* [What this task involves] The entries that follow include a run beginning at the line with "süpriz papatyalarımla günaydın😊" and ending at the line with "30 Awesome Bathroom"; restate that run word for word and leave the rest out.

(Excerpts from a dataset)
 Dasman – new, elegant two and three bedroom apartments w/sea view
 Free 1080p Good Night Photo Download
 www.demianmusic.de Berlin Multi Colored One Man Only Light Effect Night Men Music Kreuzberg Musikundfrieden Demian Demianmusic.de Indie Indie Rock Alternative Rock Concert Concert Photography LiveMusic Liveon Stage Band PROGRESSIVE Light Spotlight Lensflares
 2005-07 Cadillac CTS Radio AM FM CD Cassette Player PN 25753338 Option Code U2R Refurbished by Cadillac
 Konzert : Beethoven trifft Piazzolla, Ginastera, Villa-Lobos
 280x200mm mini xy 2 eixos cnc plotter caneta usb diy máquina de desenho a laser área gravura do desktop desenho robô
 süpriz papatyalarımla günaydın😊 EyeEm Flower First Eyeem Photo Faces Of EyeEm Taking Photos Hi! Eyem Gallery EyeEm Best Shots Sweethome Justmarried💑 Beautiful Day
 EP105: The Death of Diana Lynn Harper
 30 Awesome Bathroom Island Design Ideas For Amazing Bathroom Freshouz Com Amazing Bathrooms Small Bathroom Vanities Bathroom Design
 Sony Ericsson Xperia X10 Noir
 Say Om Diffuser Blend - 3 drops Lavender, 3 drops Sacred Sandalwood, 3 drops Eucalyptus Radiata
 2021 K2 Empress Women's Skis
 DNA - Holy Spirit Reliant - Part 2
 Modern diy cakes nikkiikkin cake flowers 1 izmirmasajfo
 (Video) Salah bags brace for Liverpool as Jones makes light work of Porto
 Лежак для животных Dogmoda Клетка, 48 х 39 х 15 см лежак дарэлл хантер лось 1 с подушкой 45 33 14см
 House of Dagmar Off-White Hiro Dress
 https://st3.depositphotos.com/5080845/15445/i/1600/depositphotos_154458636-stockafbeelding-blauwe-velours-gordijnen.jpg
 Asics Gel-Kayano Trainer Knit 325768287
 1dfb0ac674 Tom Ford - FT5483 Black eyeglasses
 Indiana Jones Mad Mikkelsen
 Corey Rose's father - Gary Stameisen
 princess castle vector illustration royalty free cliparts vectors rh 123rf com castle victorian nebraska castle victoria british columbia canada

* [Reply]
 süpriz papatyalarımla günaydın😊 EyeEm Flower First Eyeem Photo Faces Of EyeEm Taking Photos Hi! Eyem Gallery EyeEm Best Shots Sweethome Justmarried💑 Beautiful Day
 EP105: The Death of Diana Lynn Harper
 30 Awesome Bathroom Island Design Ideas For Amazing Bathroom Freshouz Com Amazing Bathrooms Small Bathroom Vanities Bathroom Design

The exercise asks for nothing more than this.